--- DATA SEGMENT Enclosed Below ---

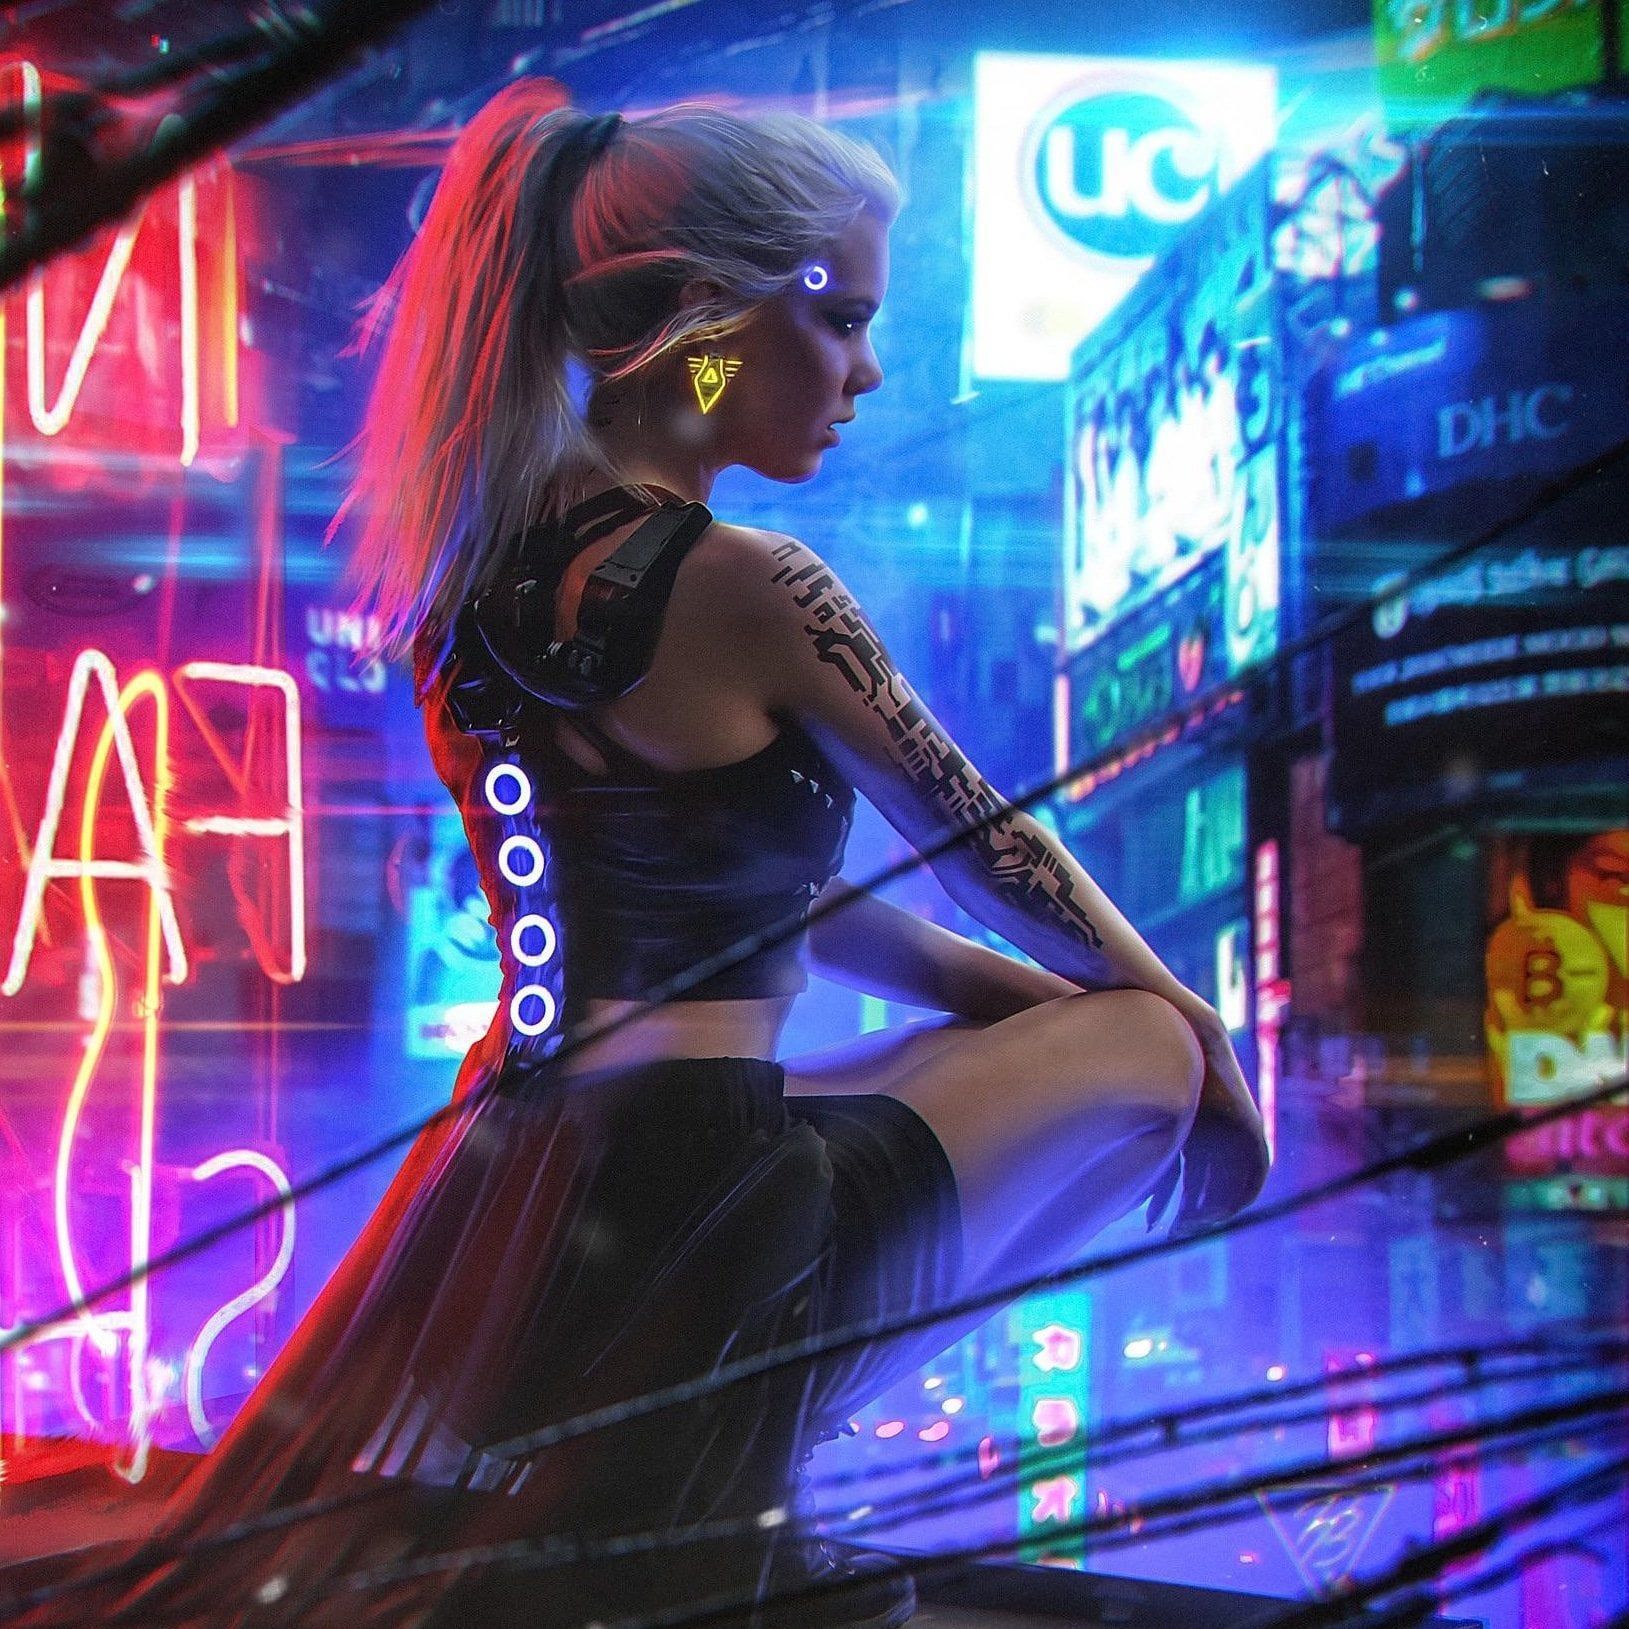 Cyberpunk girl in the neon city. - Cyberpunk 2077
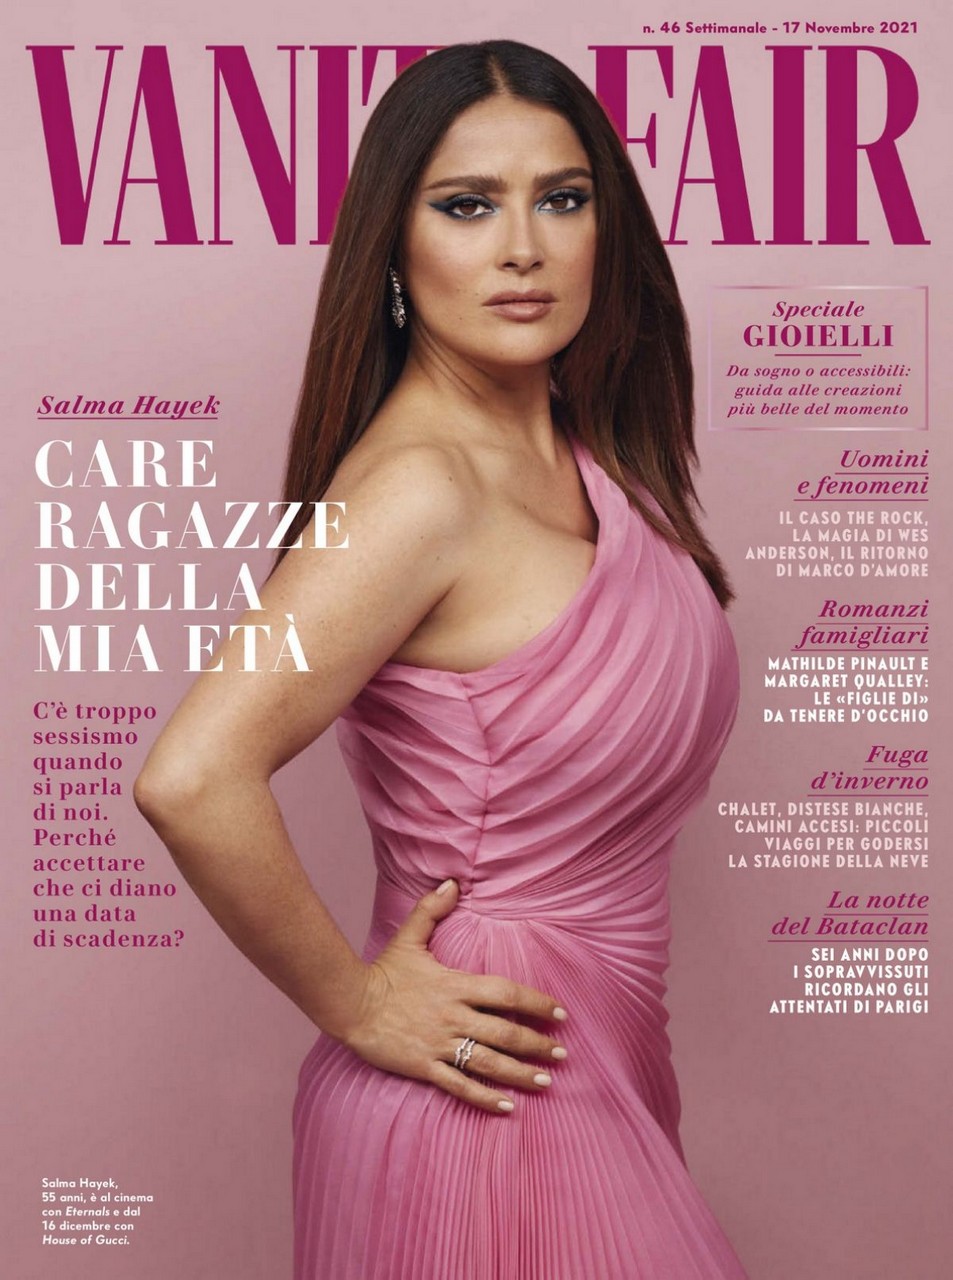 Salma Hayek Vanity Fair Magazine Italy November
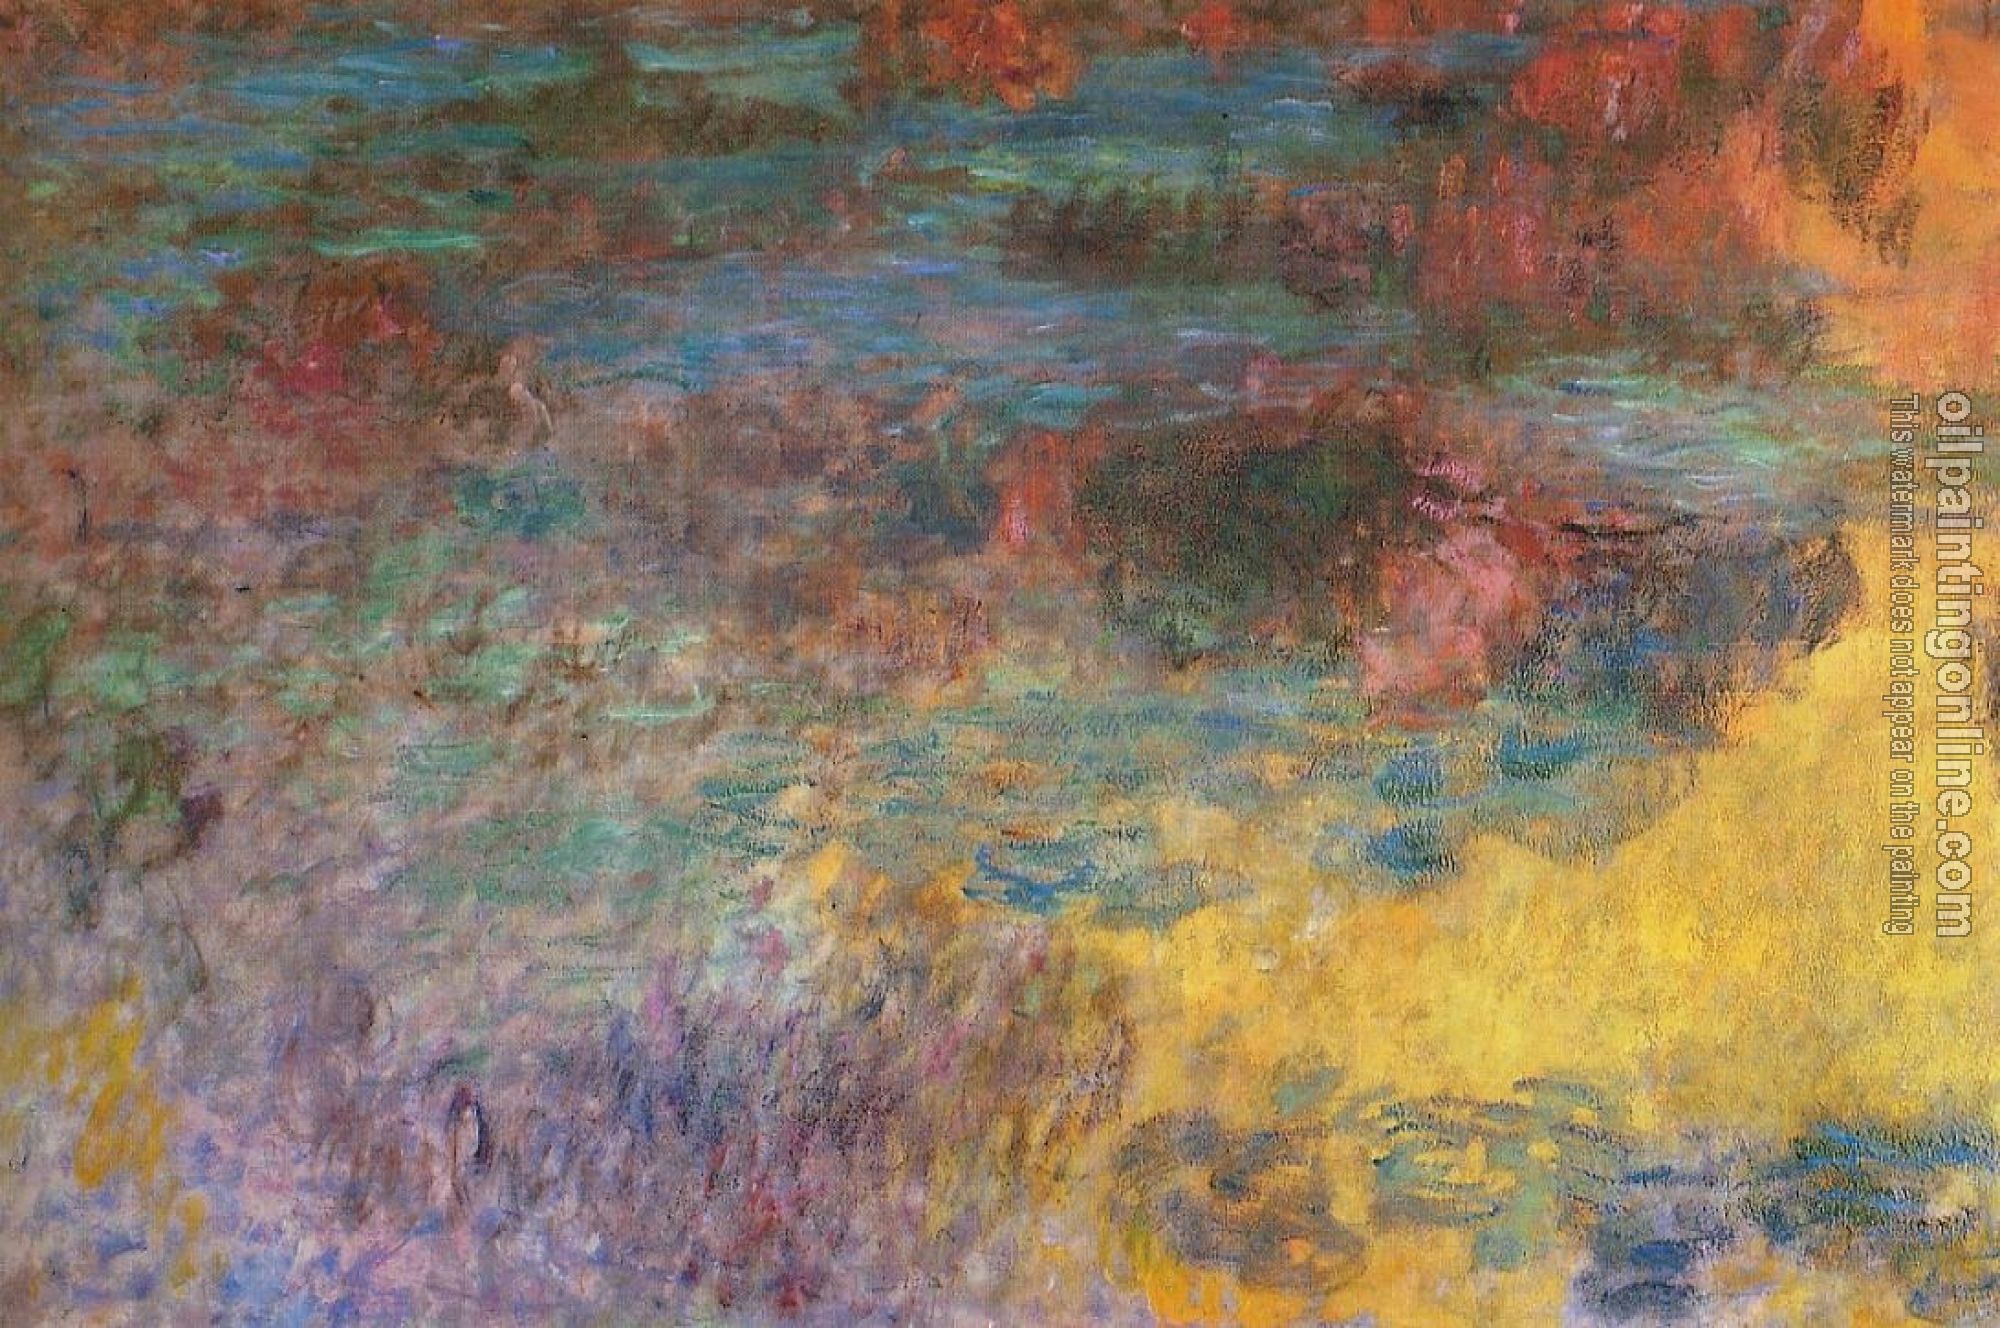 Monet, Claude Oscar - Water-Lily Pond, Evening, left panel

--- End of Enclosed DATA SEGMENT ---

* TASK STATEMENT *
From the line with "Salma Hayek Vanity" through the final line of the data above, copy everything exactly, both ends included, but not the pictures.

* ANSWER TO THIS TASK *
 Salma Hayek Vanity Fair Magazine Italy November
 Monet, Claude Oscar - Water-Lily Pond, Evening, left panel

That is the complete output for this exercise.